Yet had we the power of discrimination only, Science could not be created. To know that one feeling differs from another gives purely negative information. It cannot teach us what will happen. In such a state of intellect each sensation would stand out distinct from every other; there would be no tie, no bridge of affinity between them. We want a unifying power by which the present and the future may be linked to the past; and this seems to be accomplished by a different power of mind. Lord Bacon has pointed out that different men possess in very different degrees the powers of discrimination and identification. It may be said indeed that discrimination necessarily implies the action of the opposite process of identification; and so it doubtless does in negative points. But there is a rare property of mind which consists in penetrating the disguise of variety and seizing the common elements of sameness; and it is this property which furnishes the true measure of intellect. The name of “intellect” expresses the interlacing of the general and the single, which is the peculiar province of mind.[25] To cogitate is the Latin coagitare, resting on a like metaphor. Logic, also, is but another name for the same process, the peculiar work of reason; for λογος is derived from λεγειν, which like the Latin legere meant originally to gather. Plato said of this unifying power, that if he met the man who could detect the one in the many, he would follow him as a god.
Laws of Identity and Difference.
At the base of all thought and science must lie the laws which express the very nature and conditions of the discriminating and identifying powers of mind. These are the so-called Fundamental Laws of Thought, usually stated as follows:—
1. The Law of Identity. Whatever is, is.
2. The Law of Contradiction. A thing cannot both be and not be.
3. The Law of Duality. A thing must either be or not be.
The first of these statements may perhaps be regarded as a description of identity itself, if so fundamental a notion can admit of description. A thing at any moment is perfectly identical with itself, and, if any person were unaware of the meaning of the word “identity,” we could not better describe it than by such an example.
The second law points out that contradictory attributes can never be joined together. The same object may vary in its different parts; here it may be black, and there white; at one time it may be hard and at another time soft; but at the same time and place an attribute cannot be both present and absent. Aristotle truly described this law as the first of all axioms—one of which we need not seek for any demonstration. All truths cannot be proved, otherwise there would be an endless chain of demonstration; and it is in self-evident truths like this that we find the simplest foundations.
The third of these laws completes the other two. It asserts that at every step there are two possible alternatives—presence or absence, affirmation or negation. Hence I propose to name this law the Law of Duality, for it gives to all the formulæ of reasoning a dual character. It asserts also that between presence and absence, existence and non-existence, affirmation and negation, there is no third alternative. As Aristotle said, there can be no mean between opposite assertions: we must either affirm or deny. Hence the inconvenient name by which it has been known—The Law of Excluded Middle.

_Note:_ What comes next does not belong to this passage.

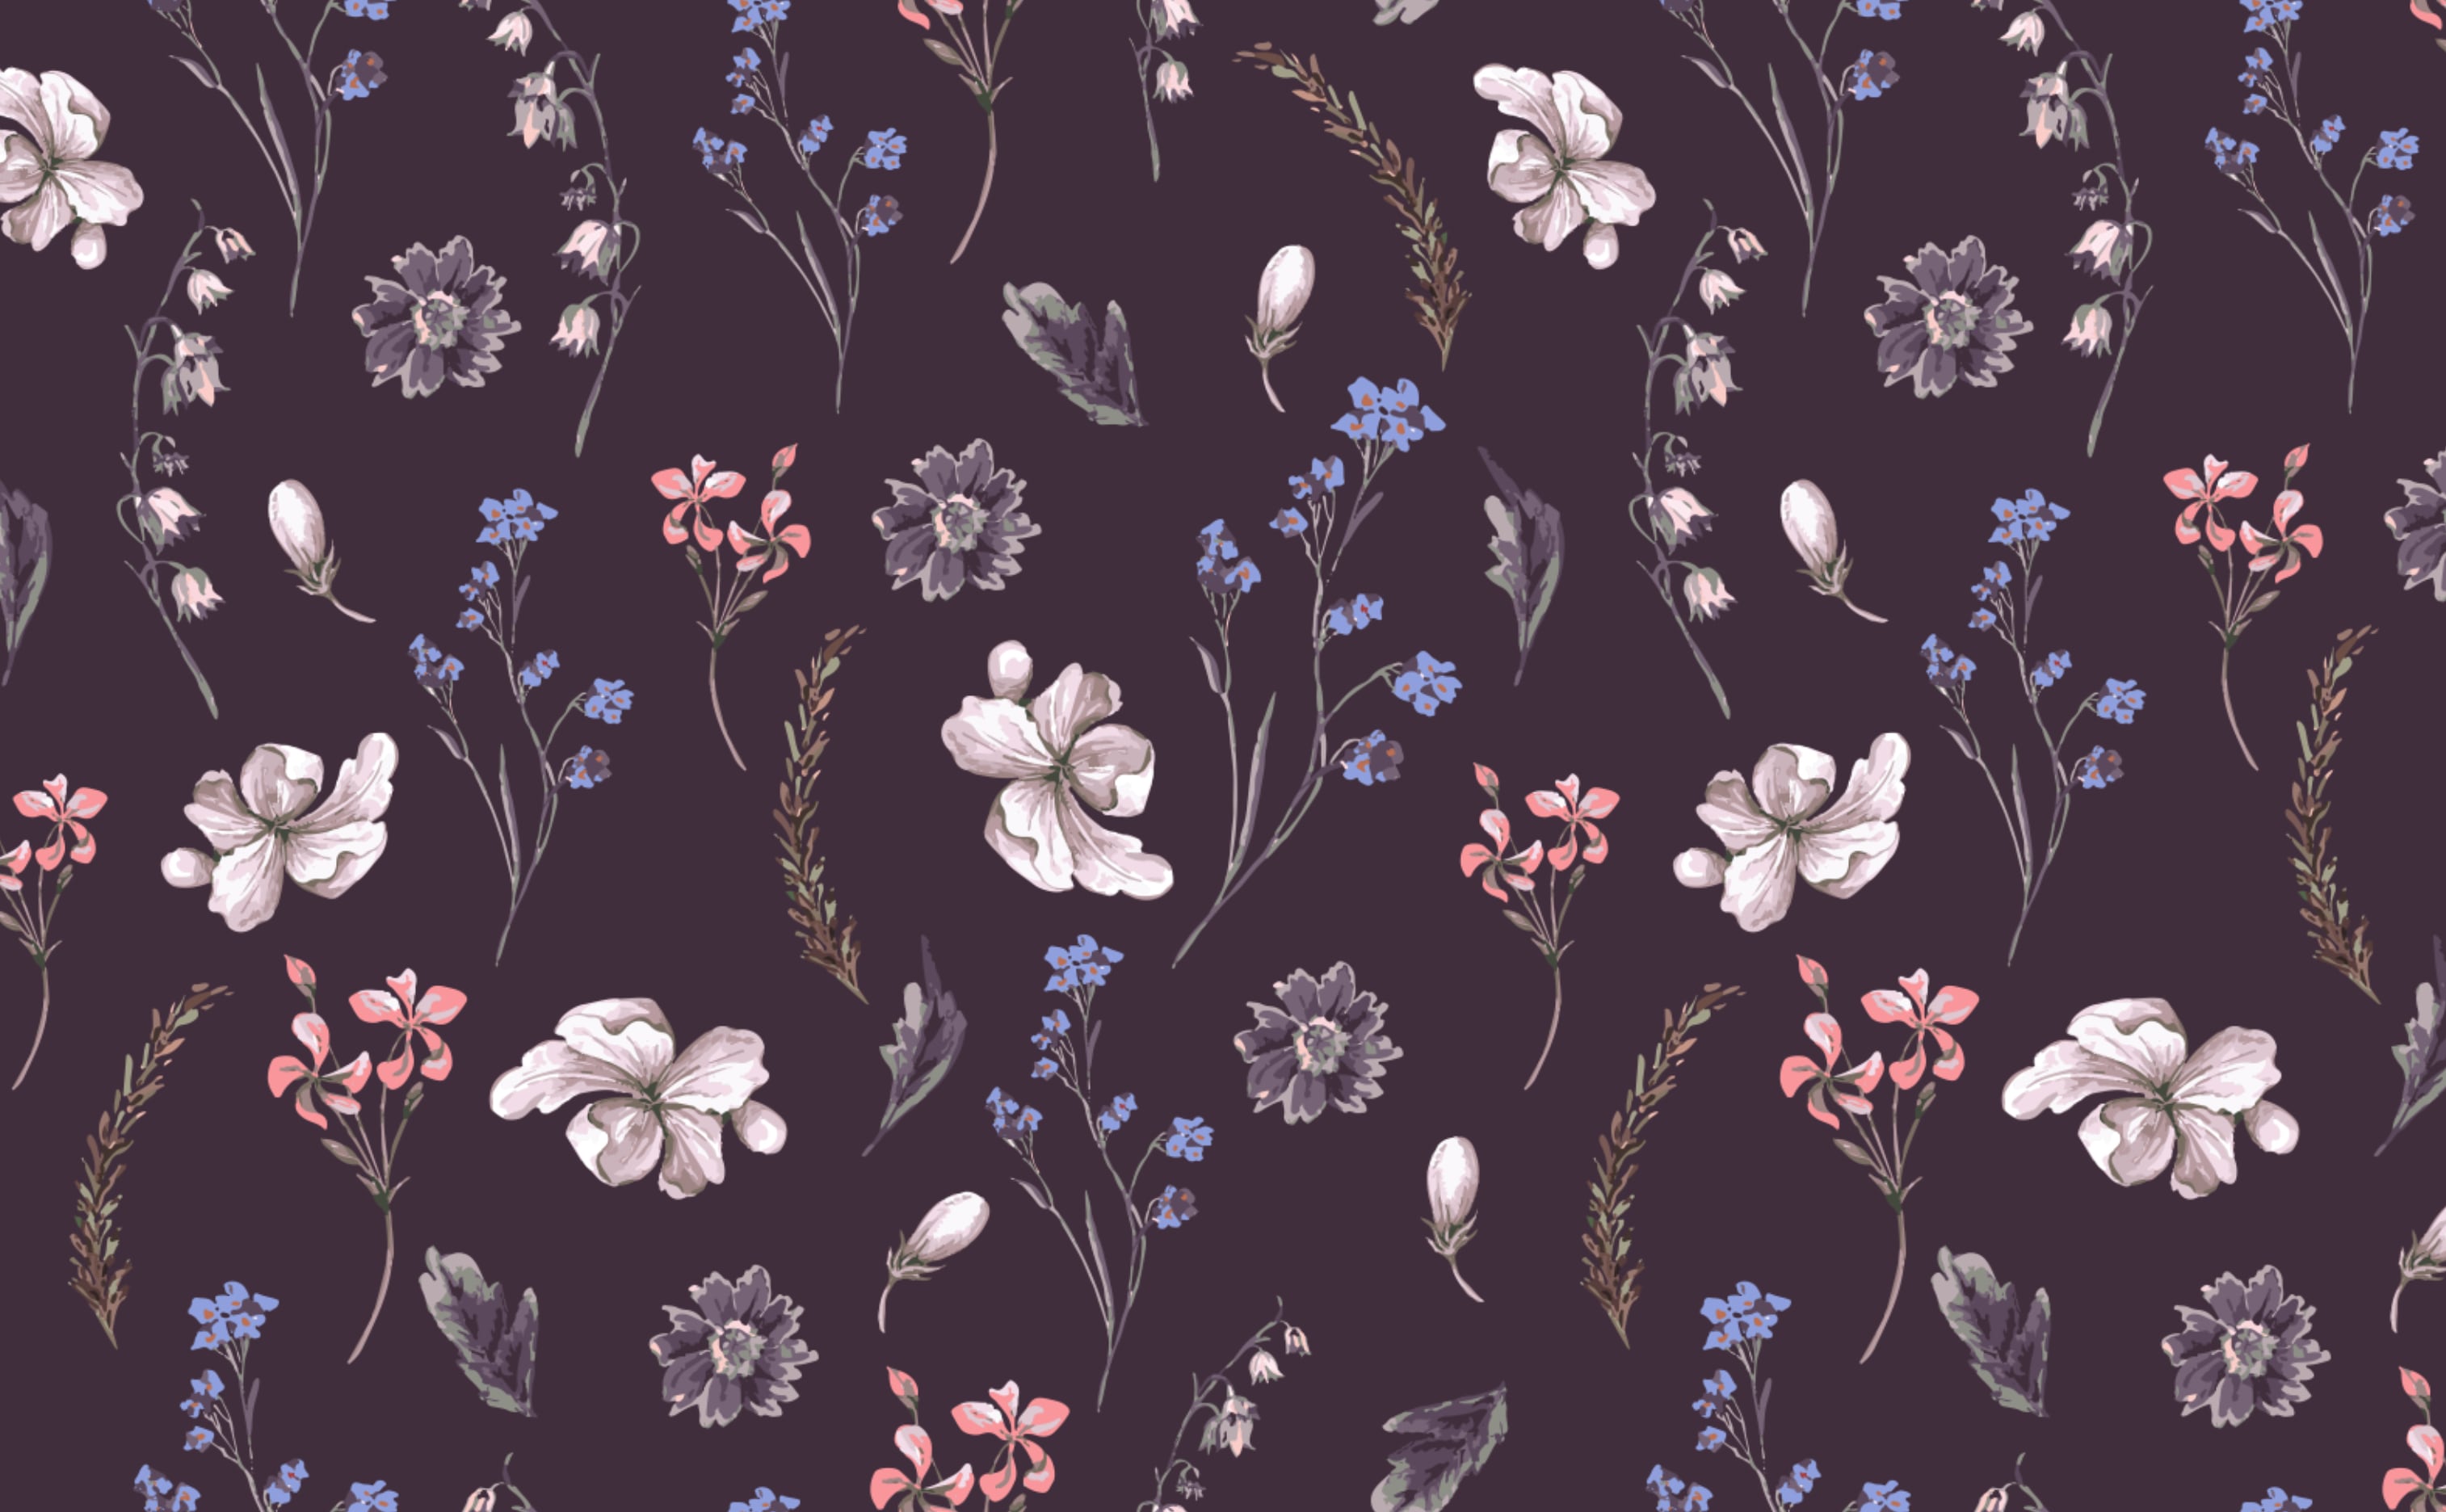 Floral print wallpaper

It may be allowed that these laws are not three independent and distinct laws; they rather express three different aspects of the same truth, and each law doubtless presupposes and implies the other two. But it has not hitherto been found possible to state these characters of identity and difference in less than the threefold formula. The reader may perhaps desire some information as to the mode in which these laws have been stated, or the way in which they have been regarded, by philosophers in different ages of the world. Abundant information on this and many other points of logical history will be found in Ueberweg’s System of Logic, of which an excellent translation has been published by Professor T. M. Lindsay (see pp. 228–281).